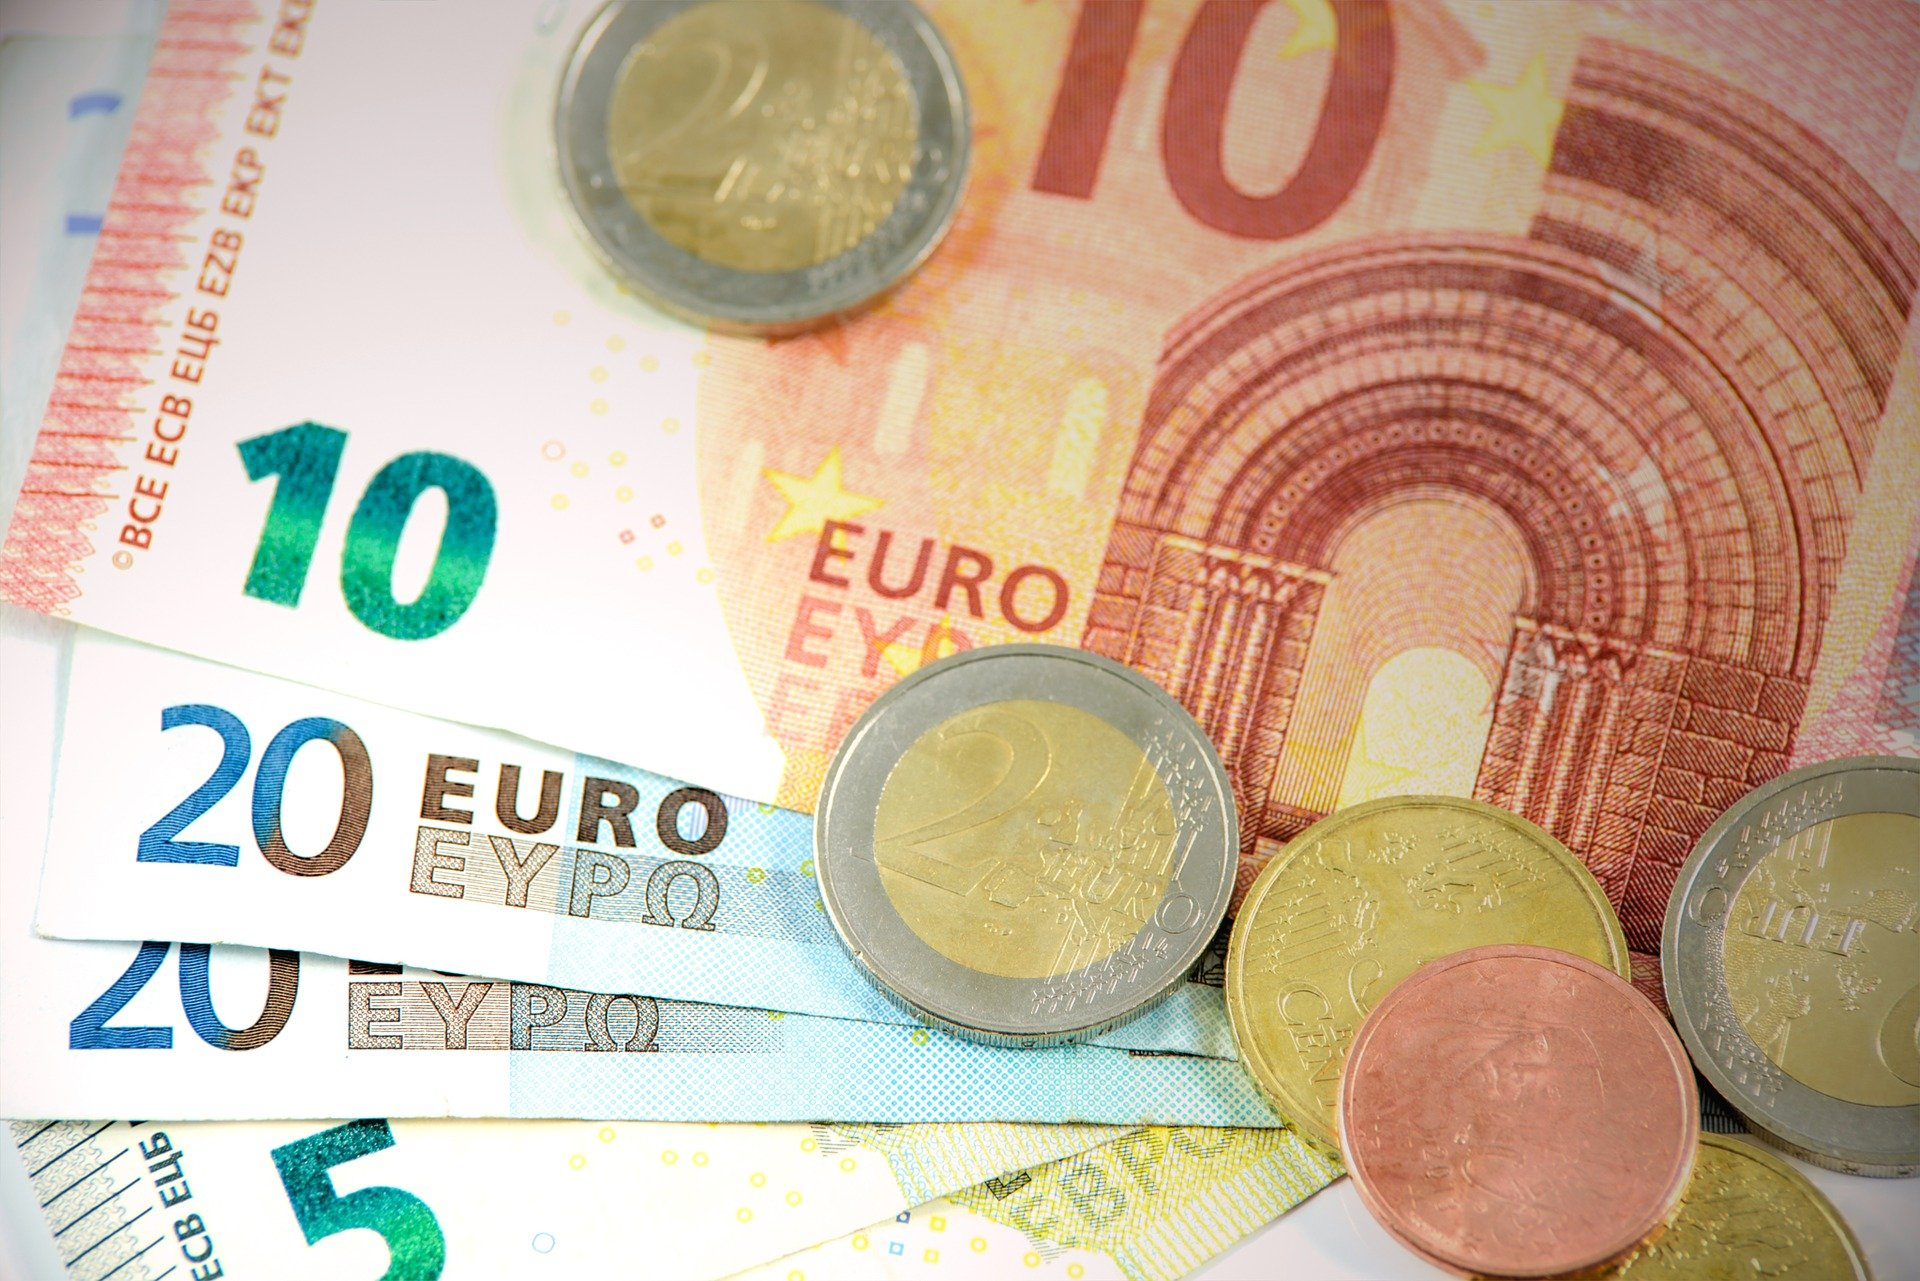 Ελάχιστο εγγυημένο εισόδημα: Πότε οι δικαιούχοι θα λάβουν το διπλό επίδομα (vid)
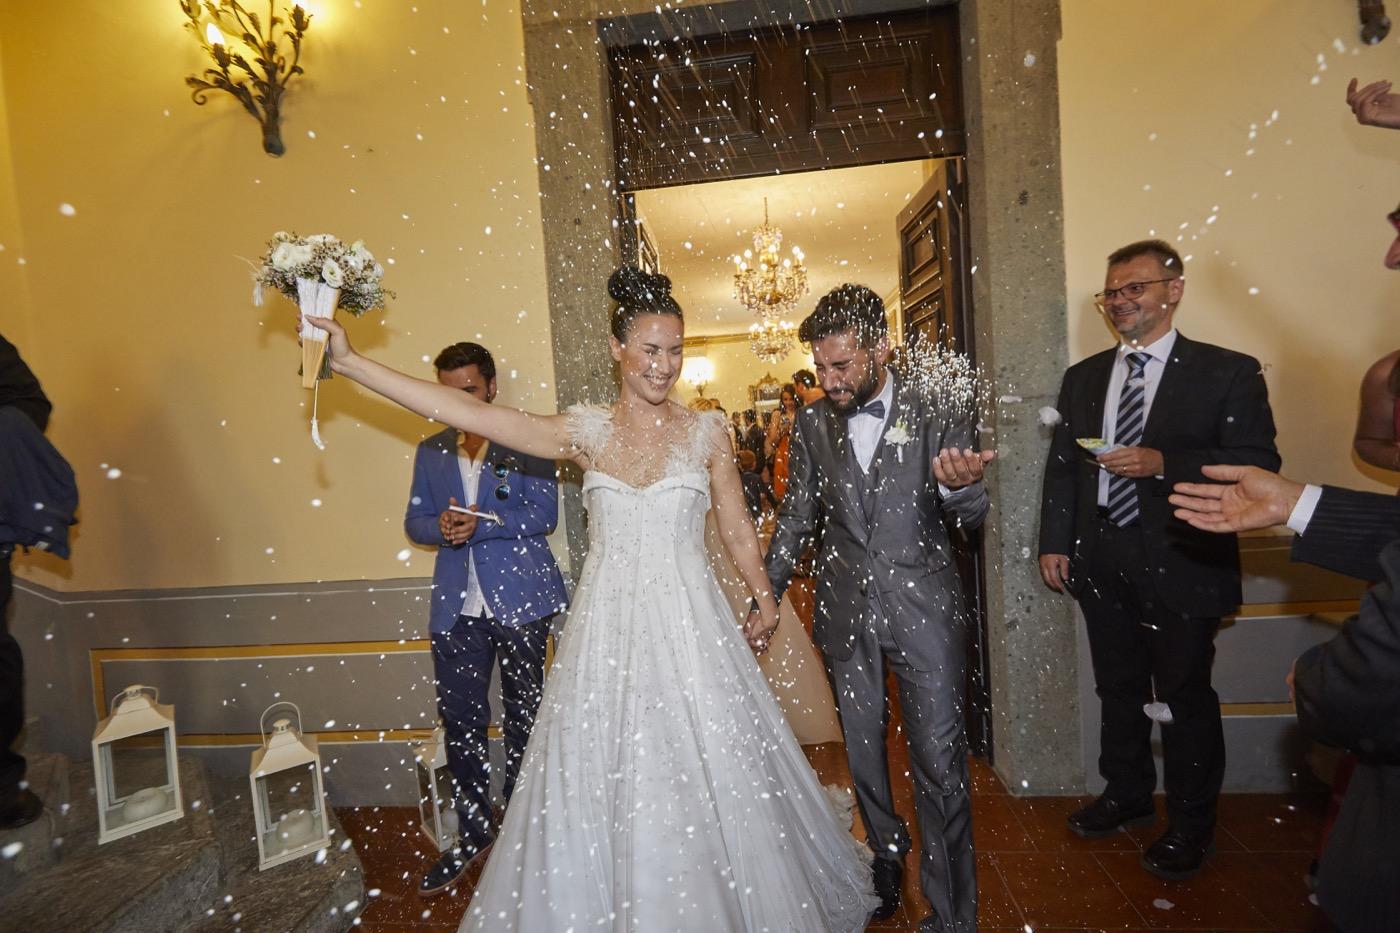 Claudio-Coppola-wedding-photographer-villa-del-cardinale-rocca-di-papa-castel-gandolfo-47
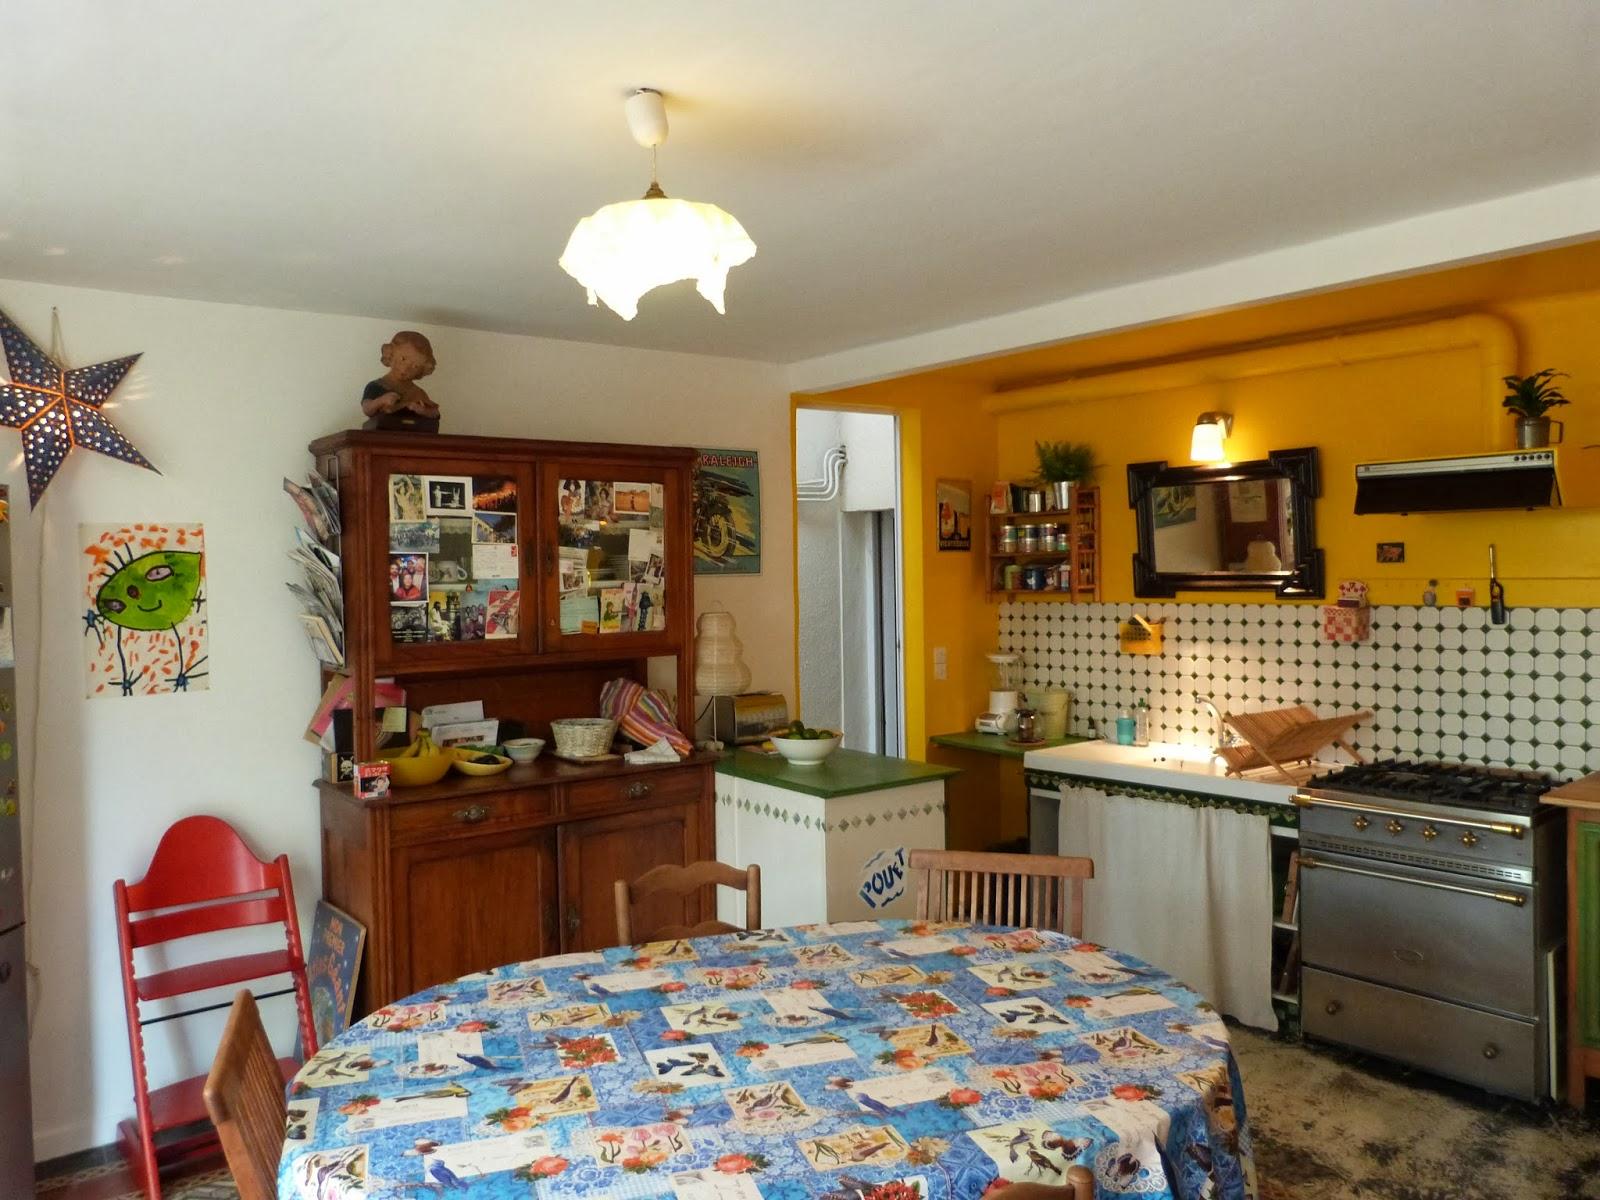 Fanny le gall d coration du soleil dans la cuisine - Du soleil dans la cuisine ...

* _ASSIGNMENT_:
Reproduce the entire listing exactly, except for any pictures it contains.

* _TASK SOLUTION_:
 Ελάχιστο εγγυημένο εισόδημα: Πότε οι δικαιούχοι θα λάβουν το διπλό επίδομα (vid)
 Claudio-Coppola-wedding-photographer-villa-del-cardinale-rocca-di-papa-castel-gandolfo-47
 Fanny le gall d coration du soleil dans la cuisine - Du soleil dans la cuisine ...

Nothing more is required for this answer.